We are in an exciting era where AI advancements are transforming professional practices.
Since its release, GPT-3 has “assisted” professionals in the SEM field with their content-related tasks.
However, the launch of ChatGPT in late 2022 sparked a movement towards the creation of AI assistants.
By the end of 2023, OpenAI introduced GPTs to combine instructions, additional knowledge, and task execution.
The Promise Of GPTs
GPTs have paved the way for the dream of a personal assistant that now seems attainable. Conversational LLMs represent an ideal form of human-machine interface.
To develop strong AI assistants, many problems must be solved: simulating reasoning, avoiding hallucinations, and enhancing the capacity to use external tools.
Our Journey To Developing An SEO Assistant
For the past few months, my two long-time collaborators, Guillaume and Thomas, and I have been working on this topic.
I am presenting here the development process of our first prototypal SEO assistant.
An SEO Assistant, Why?
Our goal is to create an assistant that will be capable of:
- Generating content according to briefs.
- Delivering industry knowledge about SEO. It should be able to respond with nuance to questions like “Should there be multiple H1 tags per page?” or “Is TTFB a ranking factor?”
- Interacting with SaaS tools. We all use tools with graphical user interfaces of varying complexity. Being able to use them through dialogue simplifies their usage.
- Planning tasks (e.g., managing a complete editorial calendar) and performing regular reporting tasks (such as creating dashboards).
For the first task, LLMs are already quite advanced as long as we can constrain them to use accurate information.
The last point about planning is still largely in the realm of science fiction.
Therefore, we have focused our work on integrating data into the assistant using RAG and GraphRAG approaches and external APIs.
The RAG Approach
We will first create an assistant based on the retrieval-augmented generation (RAG) approach.
RAG is a technique that reduces a model’s hallucinations by providing it with information from external sources rather than its internal structure (its training). Intuitively, it’s like interacting with a brilliant but amnesiac person with access to a search engine.
To build this assistant, we will use a vector database. There are many available: Redis, Elasticsearch, OpenSearch, Pinecone, Milvus, FAISS, and many others. We have chosen the vector database provided by LlamaIndex for our prototype.
We also need a language model integration (LMI) framework. This framework aims to link the LLM with the databases (and documents). Here too, there are many options: LangChain, LlamaIndex, Haystack, NeMo, Langdock, Marvin, etc. We used LangChain and LlamaIndex for our project.
Once you choose the software stack, the implementation is fairly straightforward. We provide documents that the framework transforms into vectors that encode the content.

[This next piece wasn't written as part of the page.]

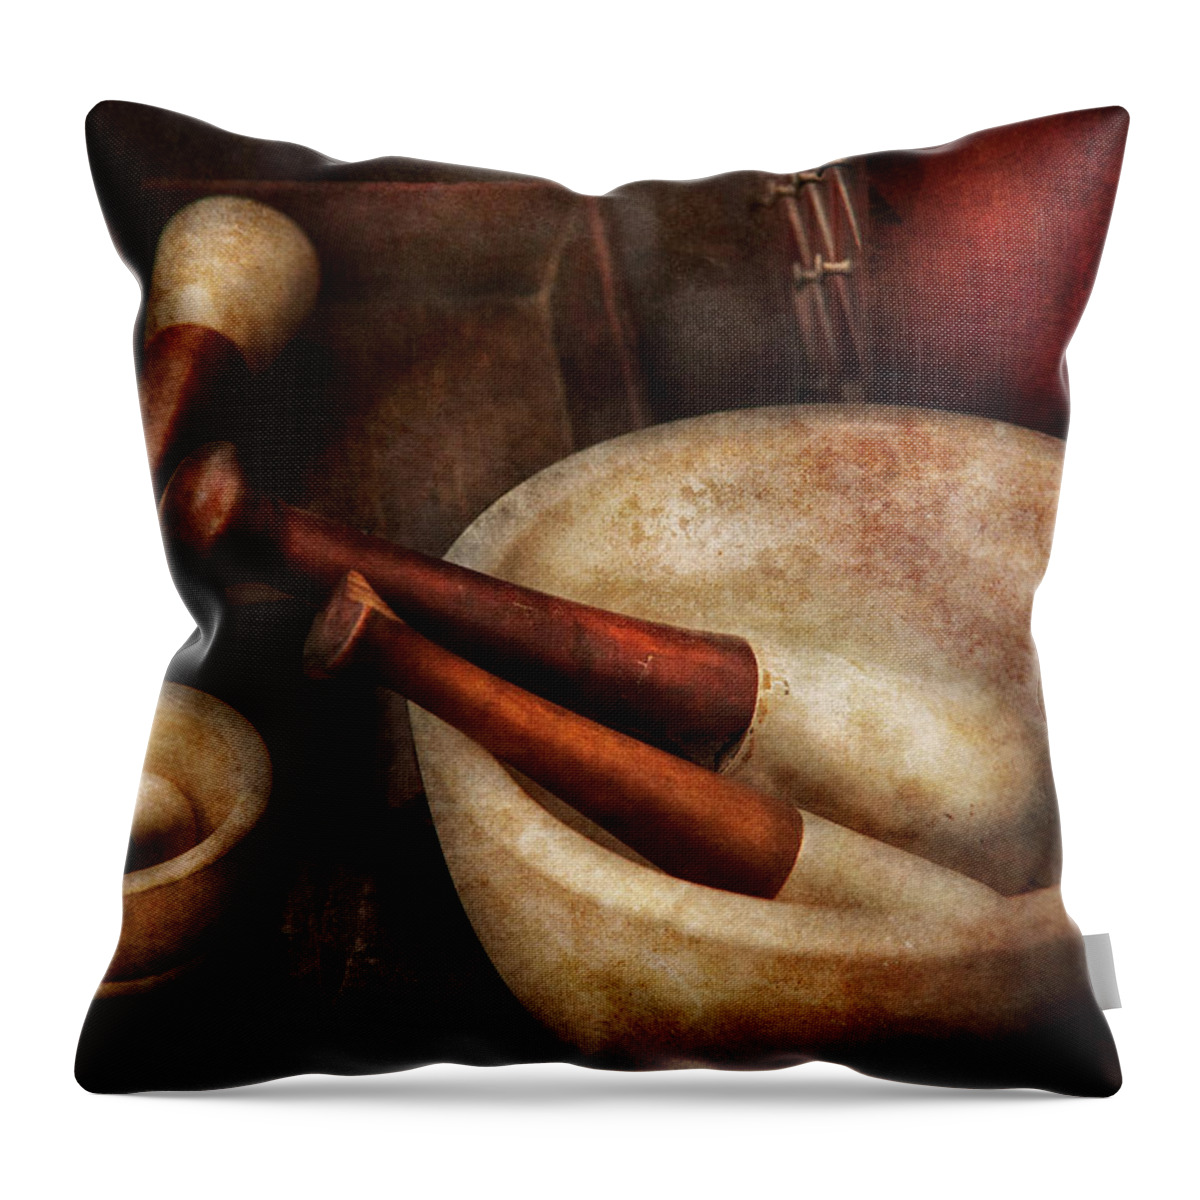 Suburbanscenes Throw Pillow featuring the photograph Pharmacy - Back to the grind by Mike Savad
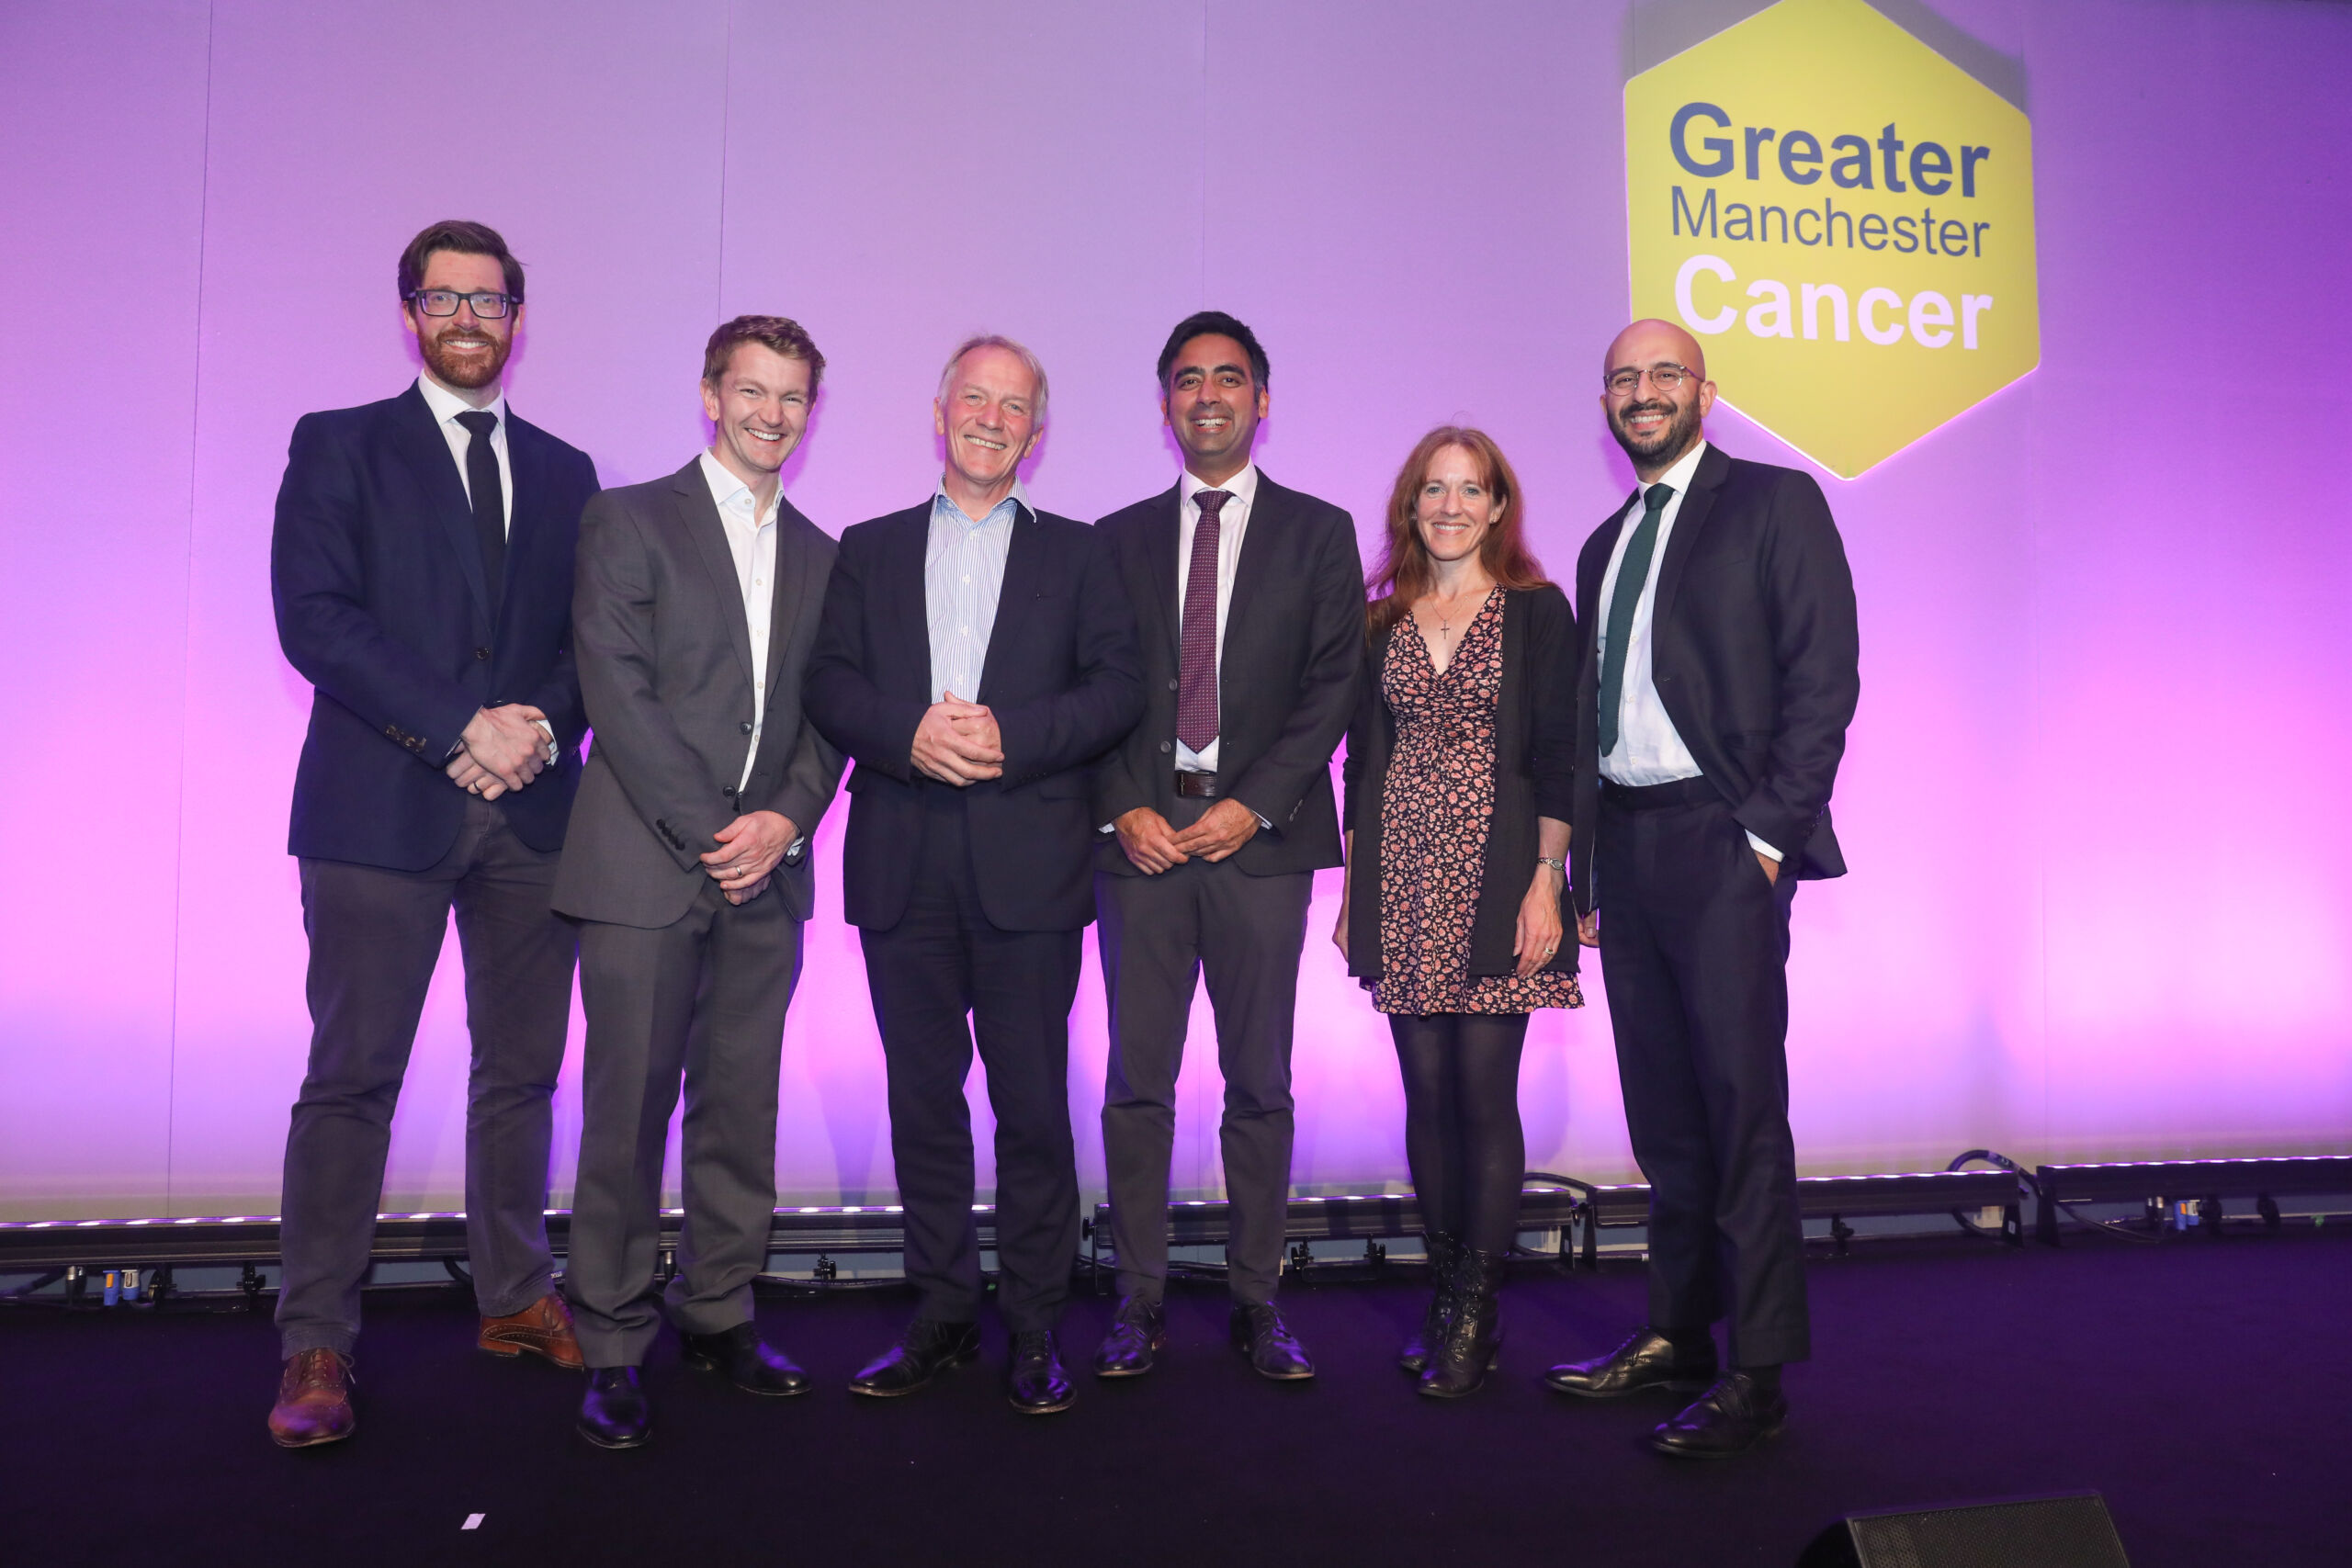 Guests at the GM Cancer Awards pose on stage

There are many technical parameters that can improve the results. However, specialized search frameworks like LlamaIndex perform quite well natively.
For our proof-of-concept, we have given a few SEO books in French and a few webpages from famous SEO websites.
Using RAG allows for fewer hallucinations and more complete answers. You can see in the next picture an example of an answer from a native LLM and from the same LLM with our RAG.
We see in this example that the information given by the RAG is a little bit more complete than the one given by the LLM alone.
The GraphRAG Approach
RAG models enhance LLMs by integrating external documents, but they still have trouble integrating these sources and efficiently extracting the most relevant information from a large corpus.
If an answer requires combining multiple pieces of information from several documents, the RAG approach may not be effective. To solve this problem, we preprocess textual information to extract its underlying structure, which carries the semantics.
This means creating a knowledge graph, which is a data structure that encodes the relationships between entities in a graph. This encoding is done in the form of a subject-relation-object triple.
In the example below, we have a representation of several entities and their relationships.
The entities depicted in the graph are “Bob the otter” (named entity), but also “the river,” “otter,” “fur pet,” and “fish.” The relationships are indicated on the edges of the graph.
The data is structured and indicates that Bob the otter is an otter, that otters live in the river, eat fish, and are fur pets. Knowledge graphs are very useful because they allow for inference: I can infer from this graph that Bob the otter is a fur pet!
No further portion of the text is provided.